A film is never really good unless the camera is an eye in the head of a poet - Orson Welles

In the previous lesson, you learned how to create and compose still-images (photographs). In this lesson, we will move on to moving images.

When we think of moving images, we usually think about videos, cartoons, and animations. These images appear to move in front of our eyes. However, they do not really move. When we watch a cartoon, movie, or animation, an illusion of motion or movement is created by playing a set of images at a certain frame rate. This makes our eyes believe that they move.

When we see images at a low frame rate, our eyes do not believe this illusion as we see the images jump from one to the next. When you increase the frame rate, the images appear to move fluidly in front of our eyes. In general, film is shot at 24 frames per second whereas normal video is shot at 30 frames per second.

When you look at movies, cartoons, or other video clips, you probably noticed that they do not show the whole movie or cartoon as one continuous shot. Instead, videos are usually split up into a sequence of many shots.

Reflection activity:

Turn on your television, open a television show on Netflix, or play a movie that you have on a DVD. Set a timer to one minute. How many different shots did you see in total for the minute that you watched? Was this more or less than you expected? When looking at these shots, do they have different sizes and show different angles (are the subjects filmed from far away, close up, from underneath, above, or a combination of these)?

As you participated in the reflection activity, you may have noticed that there are more shots in a video than you may initially have thought or noticed before. Generally, video is made to look as natural as possible, even though shots are usually very carefully constructed. Often, individual shots are filmed out of order and put back in order later on. They often create an illusion of continuity.
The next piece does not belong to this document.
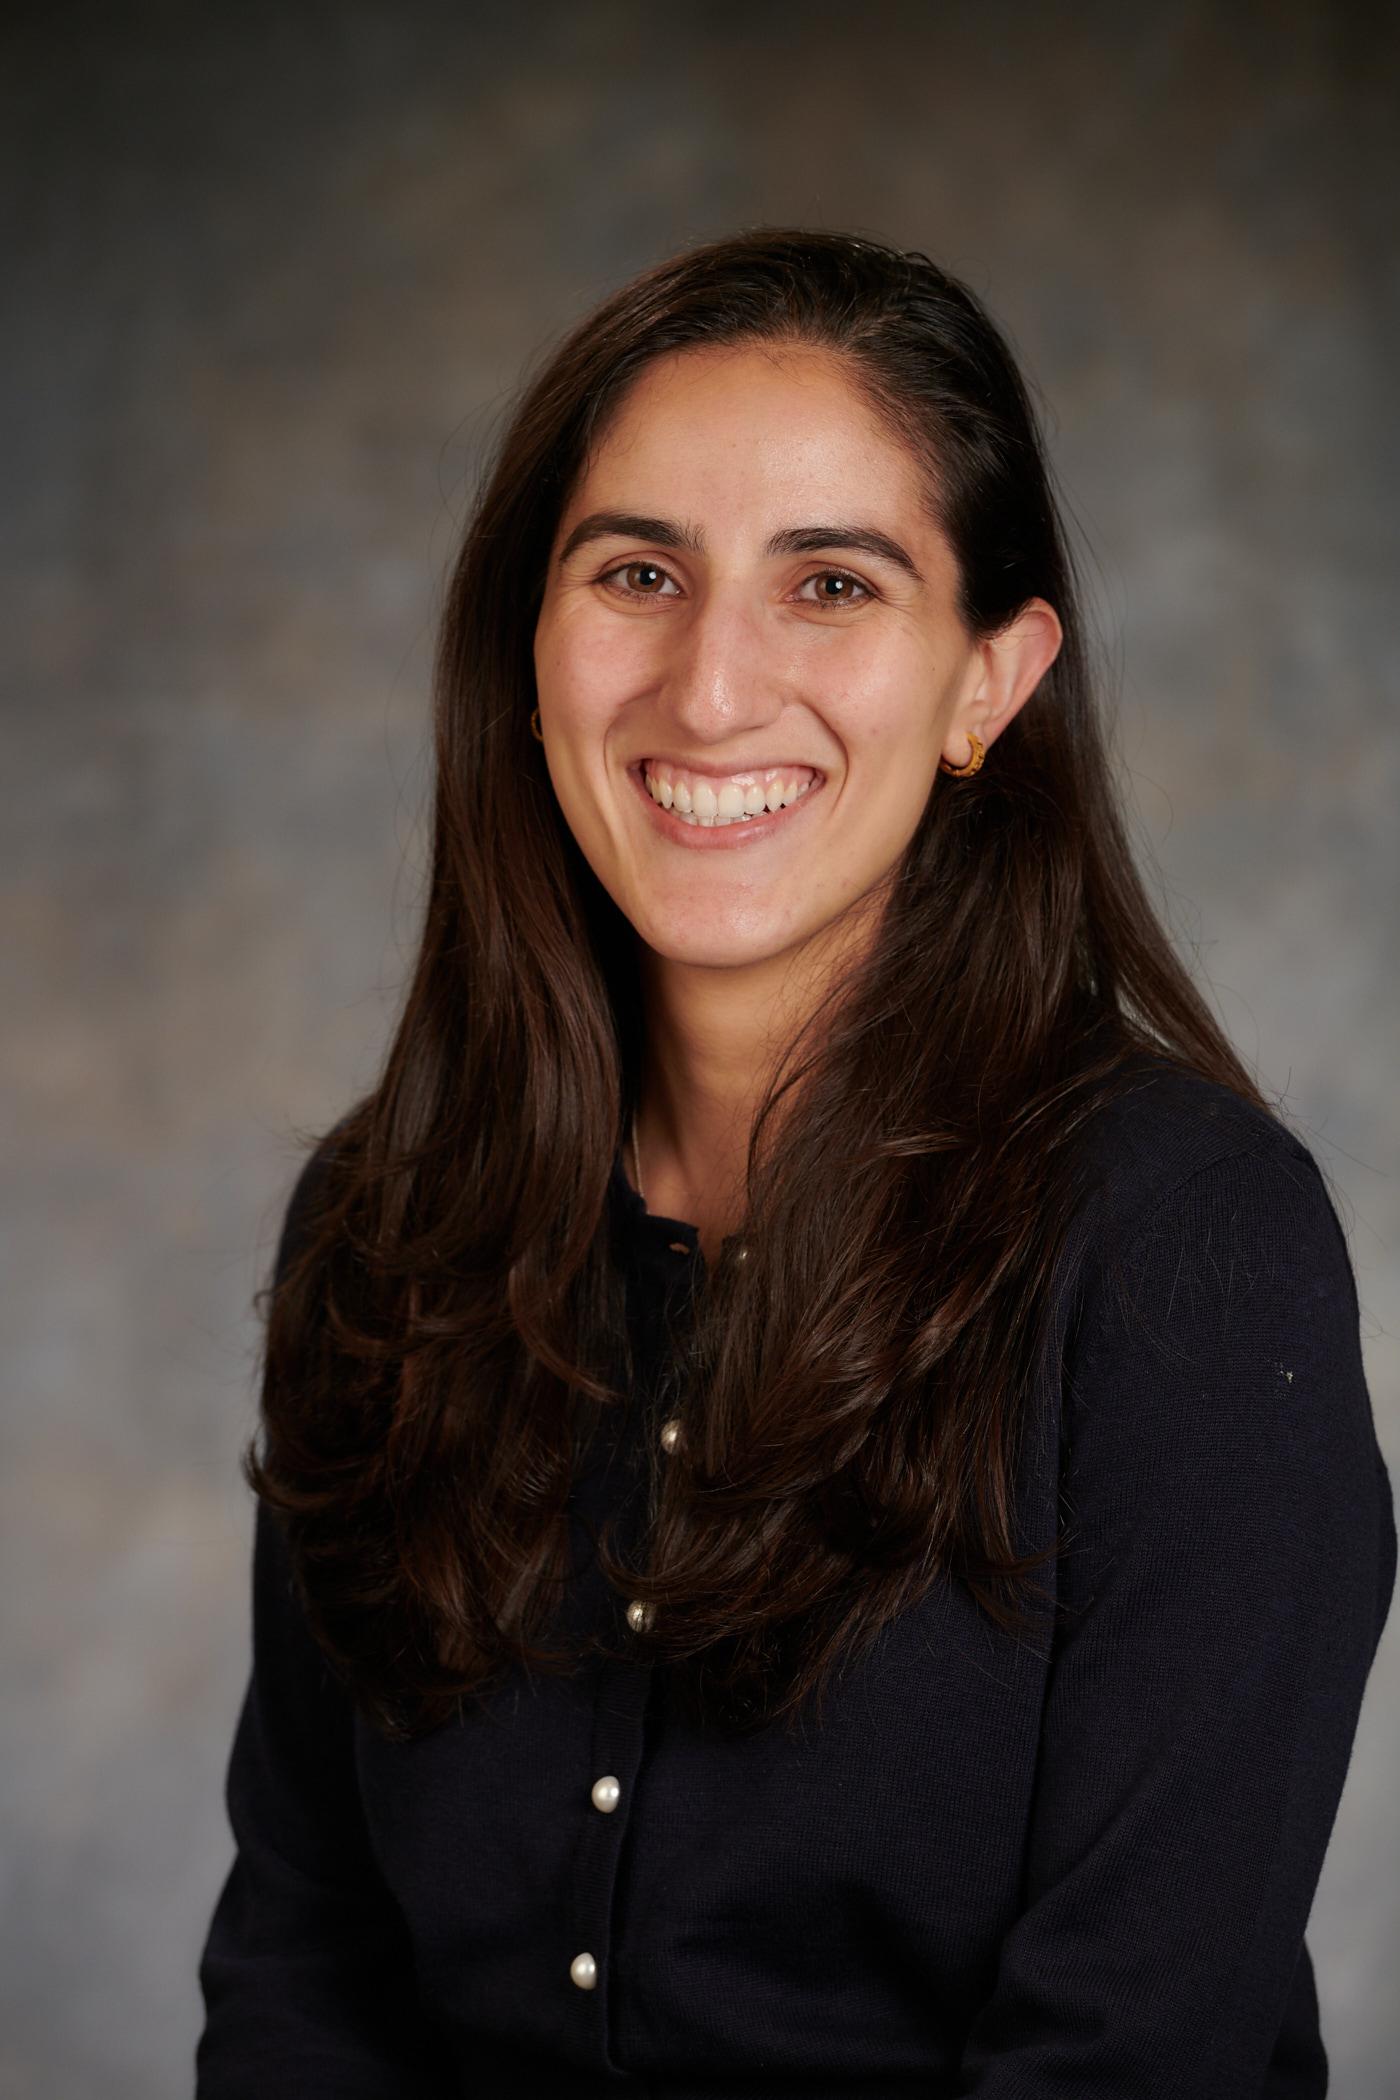 ASUCLA - 2019-2020 Communications Board Portraits. ASUCLA Photo Studio, UCLA, CA. October 7th, 2019 Behmanesh_Jessica_007.NEF Copyright  Don Liebig/ASUCLA

Some people even deny the possibility of film being a form of art. They say that film cannot be art, since it does do nothing but reproducing reality mechanically. When watching a video, it often seems to automatically look natural and “real”, as if we are just looking at the lives of other people and everything that is going on in it through a lens. According to Black (2002), film conveys a realistic effect to its viewers which is no more than a psychological effect whereby film gives the impression of reality narrating itself, causing an illusion of reality. In other words, film appears natural, but is it?

While movies seem to be made as if everything looks completely natural, in reality, every single object is carefully placed within the frame. This relates to the French concept mise-en-scène. Mise-en-scène is a French term and literally means “placing or setting on a stage.” Giannetti (2014, p. 46) states that mise-en-scène “resembles the art of painting in that an image of formal patterns and shapes is presented on a flat surface and is enclosed within a frame.” Directors of movies deliberately choose certain lights, people, camera positions and objects to put within their frame. In movies, meaning is created through different elements like posture, camera position, shot size, props (objects), and point of view. In this lesson you will learn about some elements of mise-en-scène. You will learn about different shot sizes, camera angles, and positions and how these may influence the meaning you are trying to convey.